- **ACTIVITY**:
Your output consists solely of the lines from the one that contains "Estufas de pellets" to the end of the material, each reproduced exactly; pictures do not belong in it.

- **DATASET EXTRACT**:
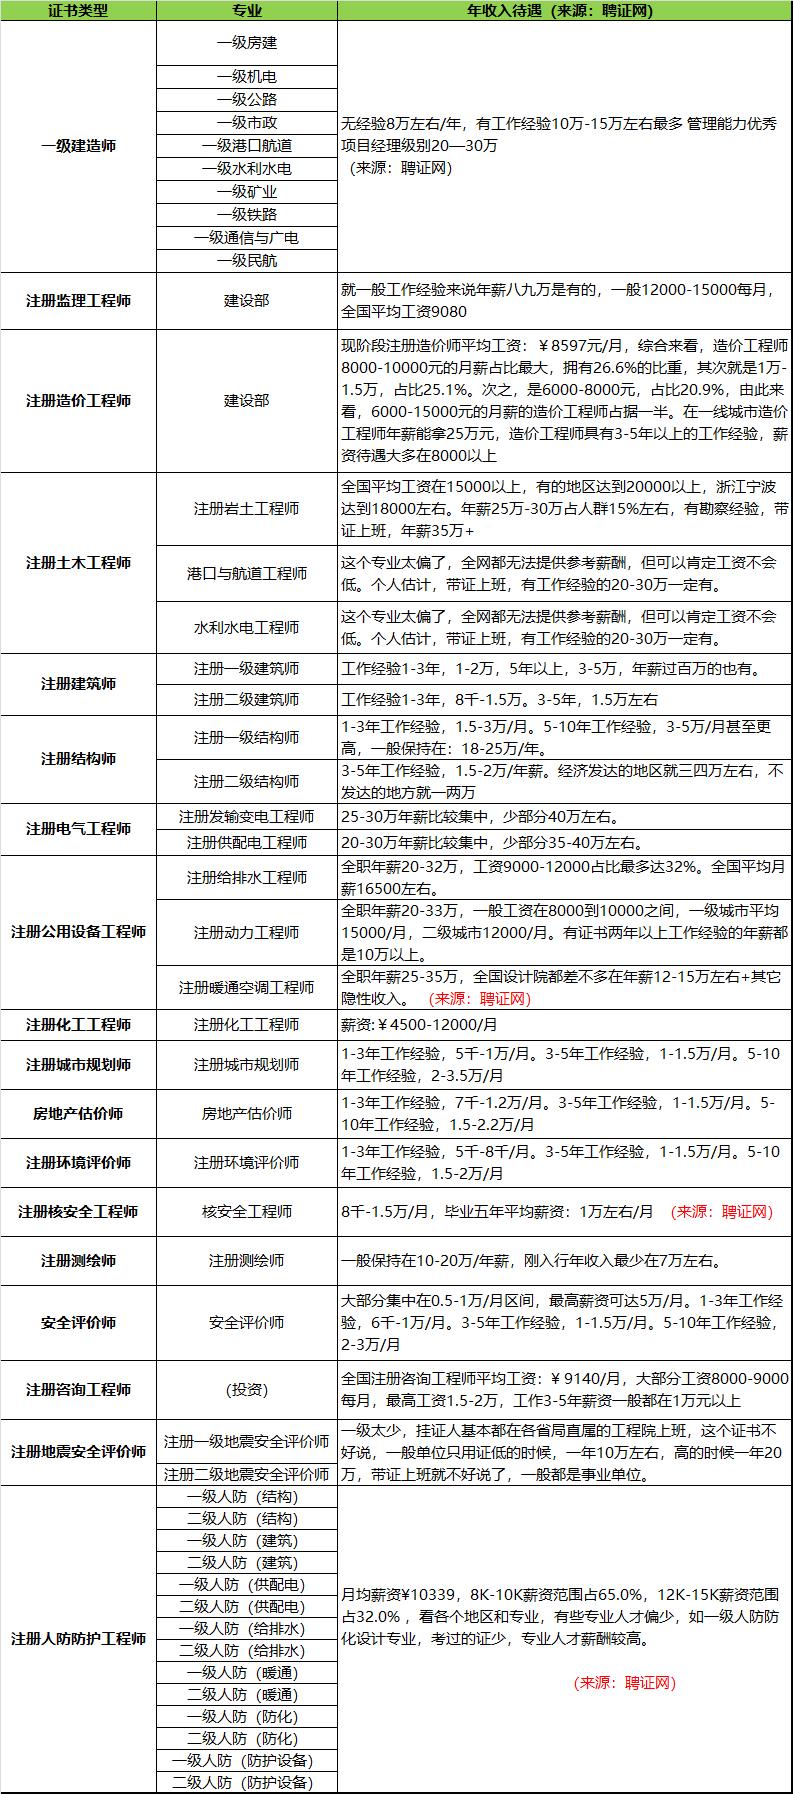 2019年各类工程师年收入表,年薪表.png
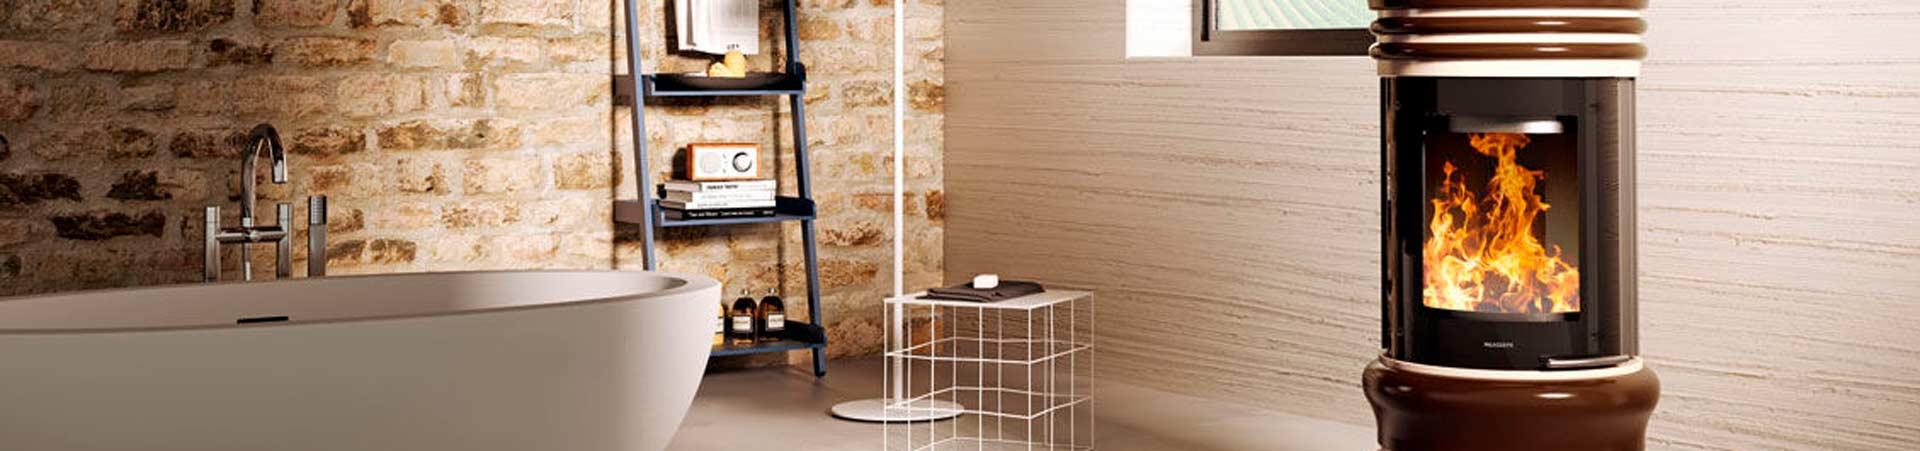 Estufas de pellets tu estufa desde 19 mes garantizado - Que es una estufa de pellets ...
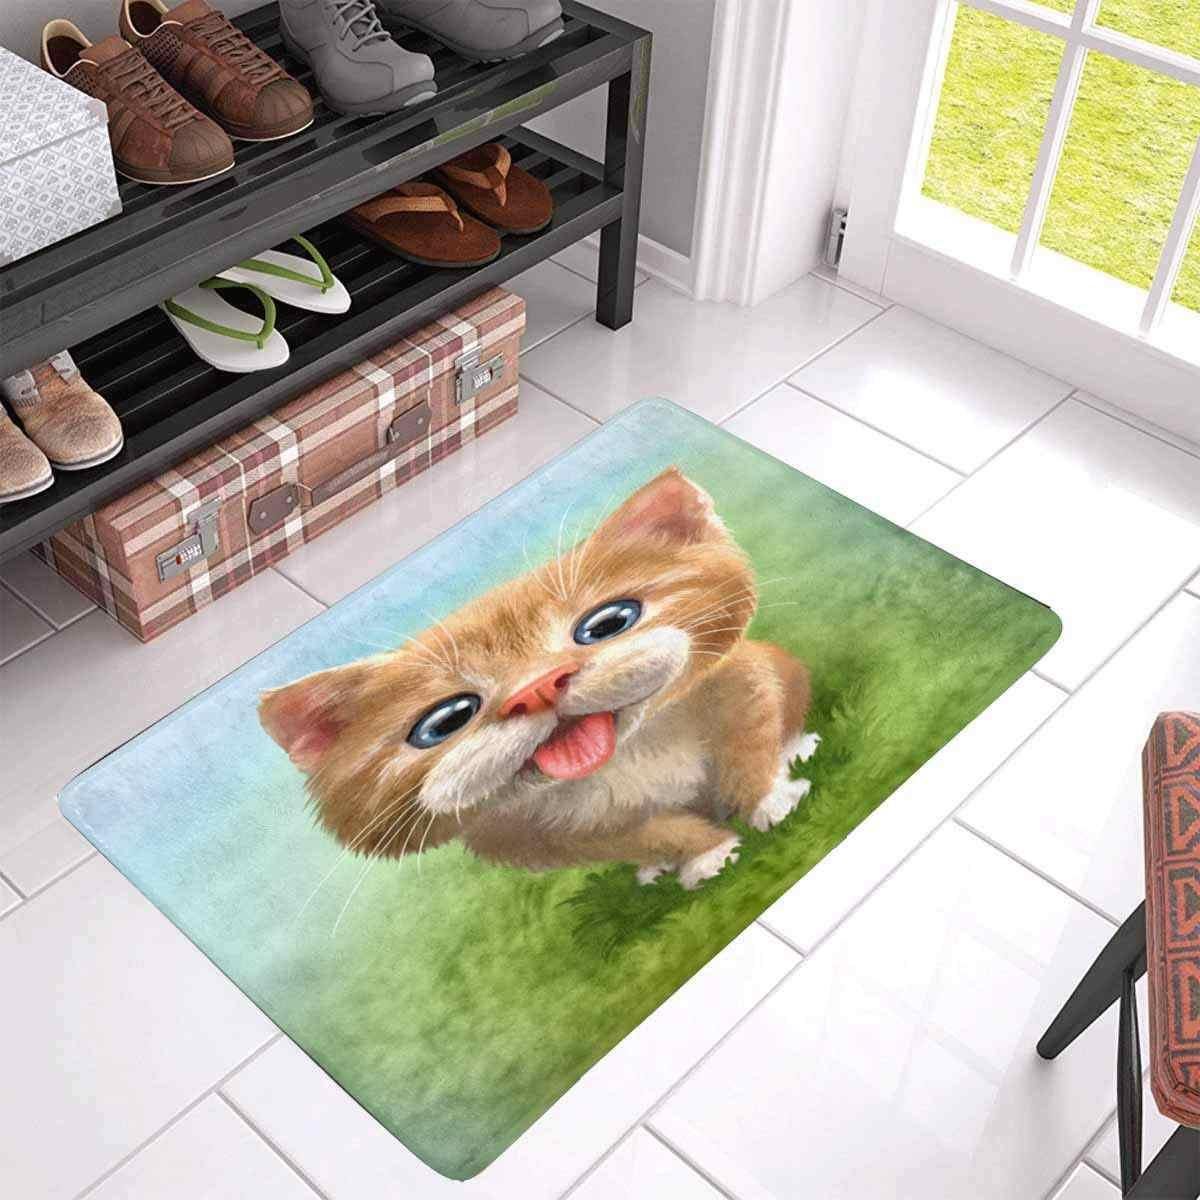 Mèo Trong Nhà Chùi Chân Không Trượt Phía Trước Lối Vào Cửa Mat Thảm Chào Đón Mat Thảm Phim Hoạt Hình Rugrats Tắm Trẻ Em Mat Nhà Bếp Thảm

- **ANSWER SECTION**:
 Estufas de pellets tu estufa desde 19 mes garantizado - Que es una estufa de pellets ...
 Mèo Trong Nhà Chùi Chân Không Trượt Phía Trước Lối Vào Cửa Mat Thảm Chào Đón Mat Thảm Phim Hoạt Hình Rugrats Tắm Trẻ Em Mat Nhà Bếp Thảm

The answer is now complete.